* **Information provided**
- Opening Delimiter -
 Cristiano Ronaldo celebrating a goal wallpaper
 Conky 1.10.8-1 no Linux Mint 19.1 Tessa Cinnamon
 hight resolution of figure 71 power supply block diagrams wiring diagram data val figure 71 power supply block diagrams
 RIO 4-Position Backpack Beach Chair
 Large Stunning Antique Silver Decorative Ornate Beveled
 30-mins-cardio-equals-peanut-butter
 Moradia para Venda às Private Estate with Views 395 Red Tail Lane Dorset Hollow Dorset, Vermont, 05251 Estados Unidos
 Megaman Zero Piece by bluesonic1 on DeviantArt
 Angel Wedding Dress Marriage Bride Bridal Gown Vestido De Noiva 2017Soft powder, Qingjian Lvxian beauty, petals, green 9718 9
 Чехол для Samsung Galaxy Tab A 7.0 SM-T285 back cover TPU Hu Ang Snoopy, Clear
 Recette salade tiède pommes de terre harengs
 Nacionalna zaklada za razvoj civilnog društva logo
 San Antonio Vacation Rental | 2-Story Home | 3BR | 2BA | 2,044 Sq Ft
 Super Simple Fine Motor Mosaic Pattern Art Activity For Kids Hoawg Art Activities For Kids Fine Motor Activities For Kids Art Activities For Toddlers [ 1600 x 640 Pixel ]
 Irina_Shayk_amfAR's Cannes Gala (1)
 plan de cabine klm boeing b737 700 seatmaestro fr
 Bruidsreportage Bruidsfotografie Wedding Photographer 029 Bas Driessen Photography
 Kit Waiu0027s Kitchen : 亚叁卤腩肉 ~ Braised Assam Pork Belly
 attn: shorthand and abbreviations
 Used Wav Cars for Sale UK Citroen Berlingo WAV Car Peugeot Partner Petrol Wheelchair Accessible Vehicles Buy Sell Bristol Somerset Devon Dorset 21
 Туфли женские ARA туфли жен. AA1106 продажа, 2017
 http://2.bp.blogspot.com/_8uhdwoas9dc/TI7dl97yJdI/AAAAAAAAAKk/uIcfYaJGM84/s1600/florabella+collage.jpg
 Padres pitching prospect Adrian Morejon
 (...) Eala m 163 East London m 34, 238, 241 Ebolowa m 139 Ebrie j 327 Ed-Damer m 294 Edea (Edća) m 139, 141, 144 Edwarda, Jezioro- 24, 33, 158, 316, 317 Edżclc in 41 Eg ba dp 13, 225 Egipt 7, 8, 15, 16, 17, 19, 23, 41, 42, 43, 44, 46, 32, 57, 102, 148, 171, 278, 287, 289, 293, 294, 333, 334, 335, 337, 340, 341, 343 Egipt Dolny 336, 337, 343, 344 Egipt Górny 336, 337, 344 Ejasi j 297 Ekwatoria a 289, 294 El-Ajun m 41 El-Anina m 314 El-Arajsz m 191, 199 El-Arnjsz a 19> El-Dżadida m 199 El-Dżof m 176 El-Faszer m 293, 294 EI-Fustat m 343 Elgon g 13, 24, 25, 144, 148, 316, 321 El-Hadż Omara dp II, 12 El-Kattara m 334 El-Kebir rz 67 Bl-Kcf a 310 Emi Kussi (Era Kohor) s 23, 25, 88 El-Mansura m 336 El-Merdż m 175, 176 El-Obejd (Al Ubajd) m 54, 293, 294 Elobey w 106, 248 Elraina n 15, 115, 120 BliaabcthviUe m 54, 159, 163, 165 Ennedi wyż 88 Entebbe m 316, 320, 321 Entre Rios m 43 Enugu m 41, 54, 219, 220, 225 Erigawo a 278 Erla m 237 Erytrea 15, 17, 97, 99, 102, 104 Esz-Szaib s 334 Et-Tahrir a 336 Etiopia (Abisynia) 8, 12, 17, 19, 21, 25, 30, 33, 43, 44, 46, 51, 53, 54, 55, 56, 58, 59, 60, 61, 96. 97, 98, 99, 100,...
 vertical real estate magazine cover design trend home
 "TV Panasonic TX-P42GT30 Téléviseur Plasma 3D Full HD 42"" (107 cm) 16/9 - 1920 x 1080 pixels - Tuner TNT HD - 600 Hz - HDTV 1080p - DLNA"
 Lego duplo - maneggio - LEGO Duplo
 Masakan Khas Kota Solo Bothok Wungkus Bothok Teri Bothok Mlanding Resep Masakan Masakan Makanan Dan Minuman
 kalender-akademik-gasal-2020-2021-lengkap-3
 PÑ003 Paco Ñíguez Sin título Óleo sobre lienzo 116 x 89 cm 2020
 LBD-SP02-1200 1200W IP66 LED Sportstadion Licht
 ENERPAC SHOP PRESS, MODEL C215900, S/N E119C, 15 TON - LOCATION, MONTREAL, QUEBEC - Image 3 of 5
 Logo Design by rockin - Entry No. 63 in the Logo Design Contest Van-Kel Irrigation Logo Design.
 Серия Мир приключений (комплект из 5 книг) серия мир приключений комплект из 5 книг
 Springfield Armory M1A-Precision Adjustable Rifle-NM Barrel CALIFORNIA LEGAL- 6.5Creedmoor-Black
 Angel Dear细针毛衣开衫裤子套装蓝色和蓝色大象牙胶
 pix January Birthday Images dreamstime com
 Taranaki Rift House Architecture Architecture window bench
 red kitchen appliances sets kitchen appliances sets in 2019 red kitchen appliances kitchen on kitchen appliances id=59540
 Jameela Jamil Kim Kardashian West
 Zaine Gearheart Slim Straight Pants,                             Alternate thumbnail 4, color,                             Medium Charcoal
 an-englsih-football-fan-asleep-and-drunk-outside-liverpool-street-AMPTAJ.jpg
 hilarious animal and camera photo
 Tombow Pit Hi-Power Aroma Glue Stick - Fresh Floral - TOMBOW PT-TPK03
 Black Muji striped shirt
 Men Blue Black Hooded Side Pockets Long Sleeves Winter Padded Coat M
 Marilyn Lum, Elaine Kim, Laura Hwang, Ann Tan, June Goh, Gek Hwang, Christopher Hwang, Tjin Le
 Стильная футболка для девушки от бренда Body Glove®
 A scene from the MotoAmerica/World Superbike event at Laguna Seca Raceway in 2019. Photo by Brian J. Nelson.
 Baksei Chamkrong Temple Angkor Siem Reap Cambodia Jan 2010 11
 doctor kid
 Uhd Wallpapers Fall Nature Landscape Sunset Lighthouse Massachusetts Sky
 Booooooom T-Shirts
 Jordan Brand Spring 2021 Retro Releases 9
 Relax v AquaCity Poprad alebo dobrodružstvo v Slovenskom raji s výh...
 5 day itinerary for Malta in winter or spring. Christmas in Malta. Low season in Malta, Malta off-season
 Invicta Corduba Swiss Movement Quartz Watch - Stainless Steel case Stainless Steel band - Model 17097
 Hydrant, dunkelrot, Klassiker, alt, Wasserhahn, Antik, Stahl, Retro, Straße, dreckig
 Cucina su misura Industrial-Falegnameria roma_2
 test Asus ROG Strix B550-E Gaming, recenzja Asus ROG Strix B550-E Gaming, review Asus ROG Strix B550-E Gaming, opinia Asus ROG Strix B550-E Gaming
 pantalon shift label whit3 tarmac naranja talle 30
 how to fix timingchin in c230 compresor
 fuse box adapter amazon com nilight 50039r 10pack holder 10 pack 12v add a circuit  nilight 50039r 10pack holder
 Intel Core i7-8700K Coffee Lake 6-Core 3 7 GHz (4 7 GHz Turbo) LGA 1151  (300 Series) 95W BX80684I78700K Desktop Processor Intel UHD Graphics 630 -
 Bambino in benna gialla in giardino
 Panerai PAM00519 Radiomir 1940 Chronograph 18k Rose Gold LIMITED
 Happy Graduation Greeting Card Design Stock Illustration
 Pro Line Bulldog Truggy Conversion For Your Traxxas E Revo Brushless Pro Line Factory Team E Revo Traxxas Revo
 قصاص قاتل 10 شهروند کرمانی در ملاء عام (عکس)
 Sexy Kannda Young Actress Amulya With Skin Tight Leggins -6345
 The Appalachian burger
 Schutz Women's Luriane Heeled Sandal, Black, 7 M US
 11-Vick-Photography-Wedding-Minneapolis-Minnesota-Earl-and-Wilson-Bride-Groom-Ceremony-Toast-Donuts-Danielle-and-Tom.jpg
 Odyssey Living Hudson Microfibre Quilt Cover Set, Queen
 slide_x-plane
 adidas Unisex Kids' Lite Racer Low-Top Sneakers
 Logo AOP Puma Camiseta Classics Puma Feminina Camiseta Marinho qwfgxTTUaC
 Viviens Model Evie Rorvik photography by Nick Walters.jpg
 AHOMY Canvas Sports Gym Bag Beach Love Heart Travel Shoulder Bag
- Closing Delimiter -
* **Work item**
Output the lines above exactly, but only those between the line holding "fuse box adapter" and the line holding "Sexy Kannda Young", inclusive.

* **Response**
 fuse box adapter amazon com nilight 50039r 10pack holder 10 pack 12v add a circuit  nilight 50039r 10pack holder
 Intel Core i7-8700K Coffee Lake 6-Core 3 7 GHz (4 7 GHz Turbo) LGA 1151  (300 Series) 95W BX80684I78700K Desktop Processor Intel UHD Graphics 630 -
 Bambino in benna gialla in giardino
 Panerai PAM00519 Radiomir 1940 Chronograph 18k Rose Gold LIMITED
 Happy Graduation Greeting Card Design Stock Illustration
 Pro Line Bulldog Truggy Conversion For Your Traxxas E Revo Brushless Pro Line Factory Team E Revo Traxxas Revo
 قصاص قاتل 10 شهروند کرمانی در ملاء عام (عکس)
 Sexy Kannda Young Actress Amulya With Skin Tight Leggins -6345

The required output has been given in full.